For DeFi users and builders, the Radiant incident provides concrete lessons about design choices carrying significant financial consequences. Bridges and routers concentrate both value and failure modes, making them attractive targets for exploiters during both attacks and exit strategies. Multi-chain applications require established procedures for halts, allowlist management, and liquidity snapshots rather than ad hoc improvisation during crisis response. Radiant’s documentation shows how their response tightened over time, but the costs of that learning curve were substantial because the attacker maintained the initiative throughout the process.

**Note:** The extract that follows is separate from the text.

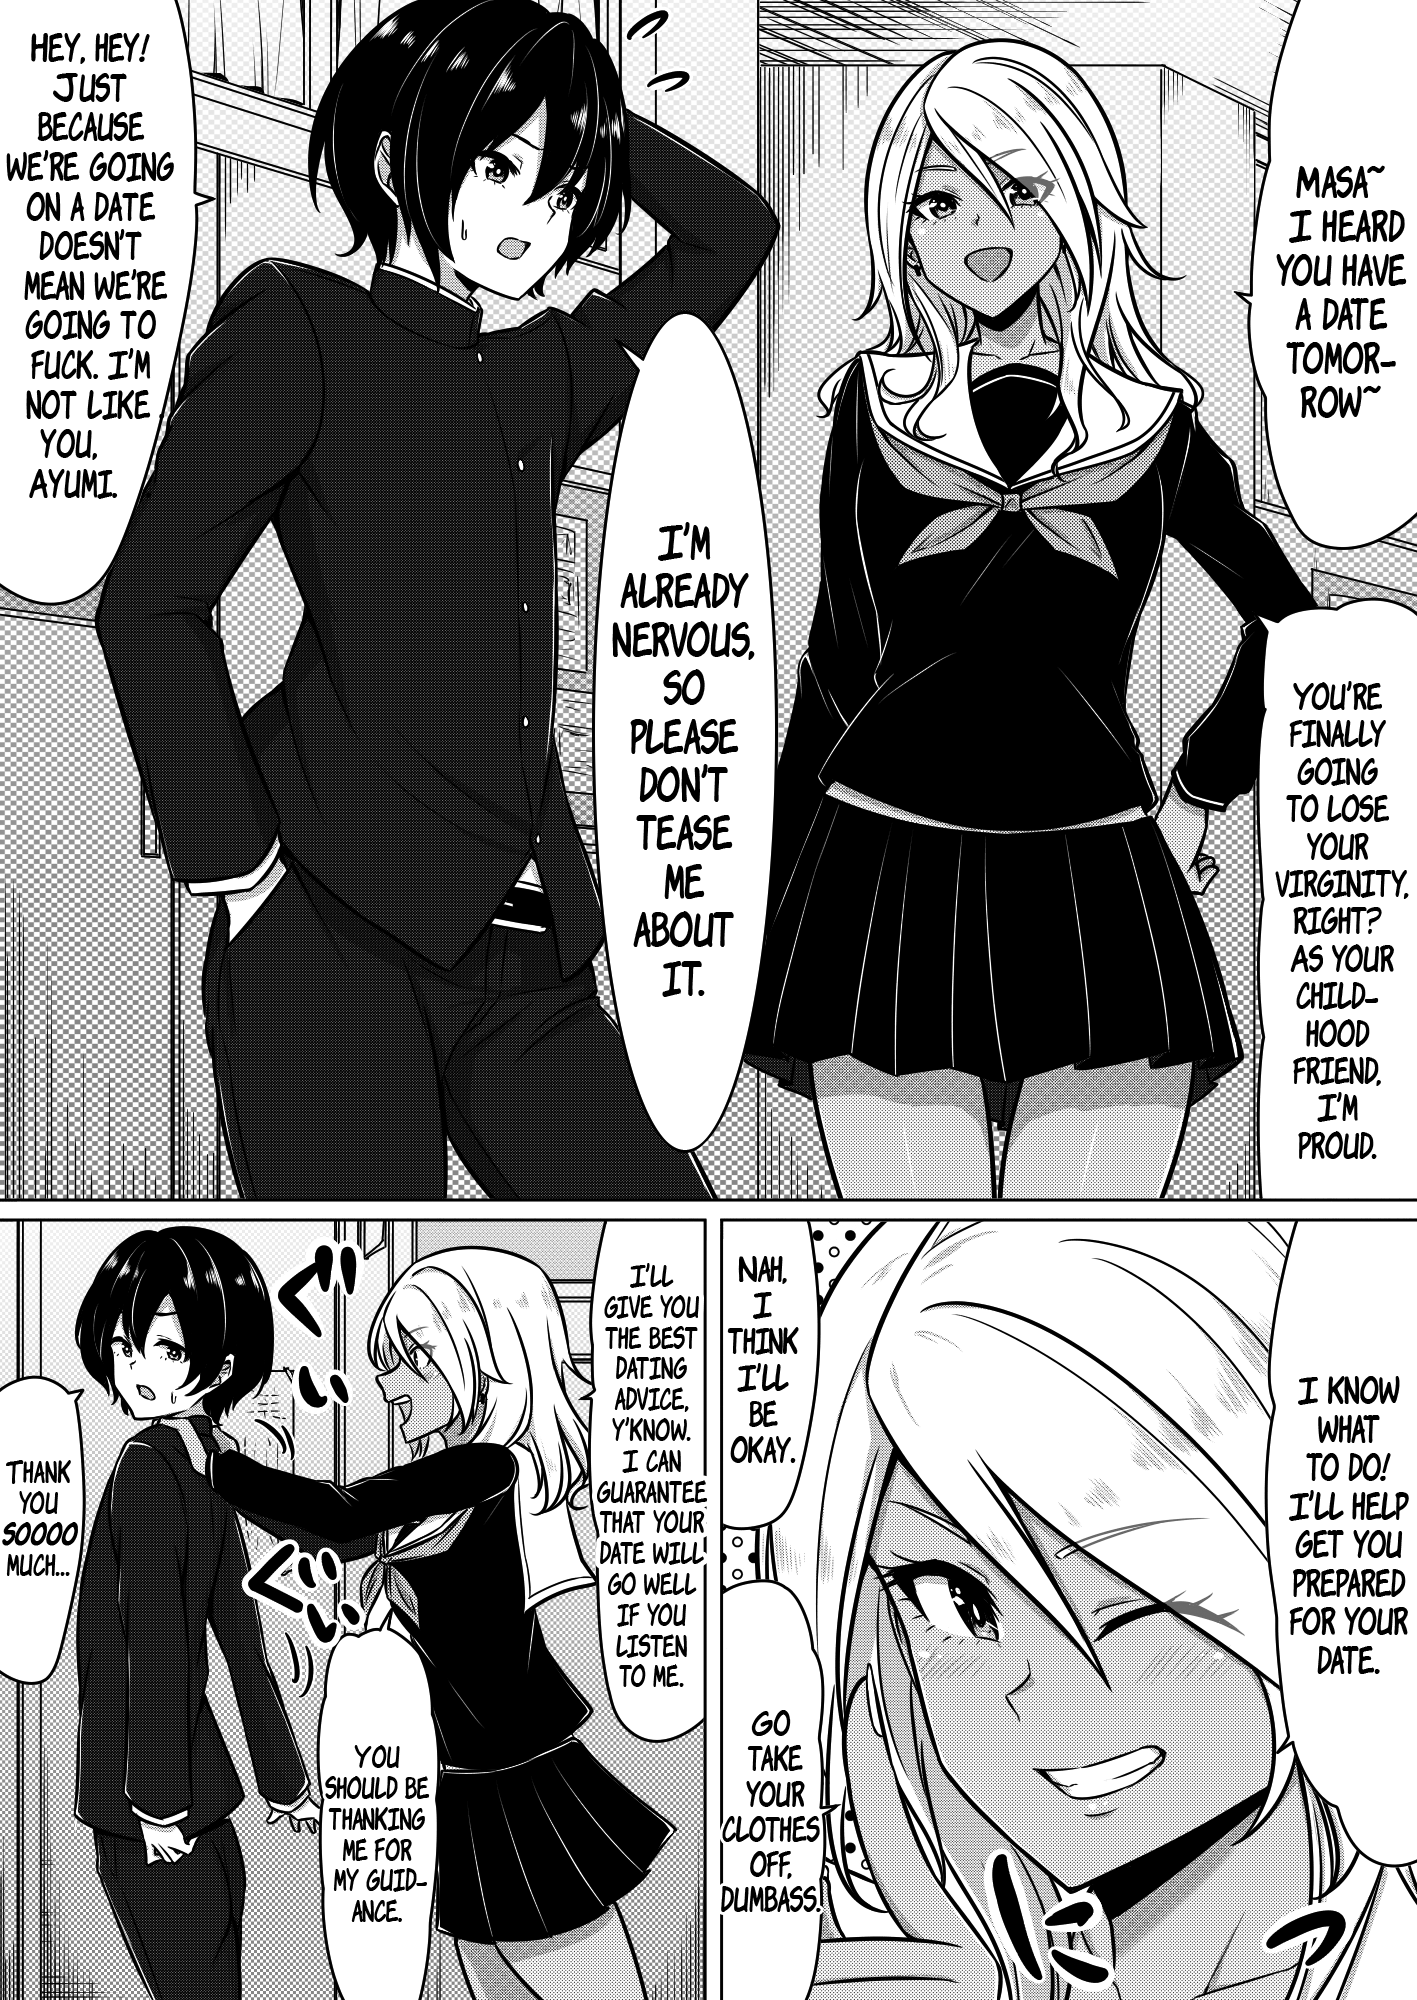 A Girl Giving Date Advice manga

The continued movement of funds through Tornado Cash represents the tail of the same distribution that began with the October 2024 breach. The operator persists because the financial rails continue to operate effectively, highlighting the need for hardened keyholder procedures, narrower approval mechanisms, real-time bridge monitoring, and organizational cultures that treat signer devices as crown jewels. Security experts anticipate the Radiant exploiter will likely continue employing the same playbook until market conditions or regulatory enforcement changes, with more Tornado deposits arriving in familiar sizes and additional bridge activity emerging from addresses linked to the original attack paths.

The broader market consequence is predictable: every patient exit of this nature reduces confidence in cross-chain abstractions and pushes development teams to audit not just code but operational security practices. While users chase yield across networks because the experience feels seamless, the most skilled thieves understand precisely where the security seams are hidden. Eventually, a clean exit will likely ping a regulated venue, and compliance desks will weigh timing and behavioral heuristics against customer narratives, but the damage to market confidence and the lessons about operational security will remain long after the final stolen ETH is laundered.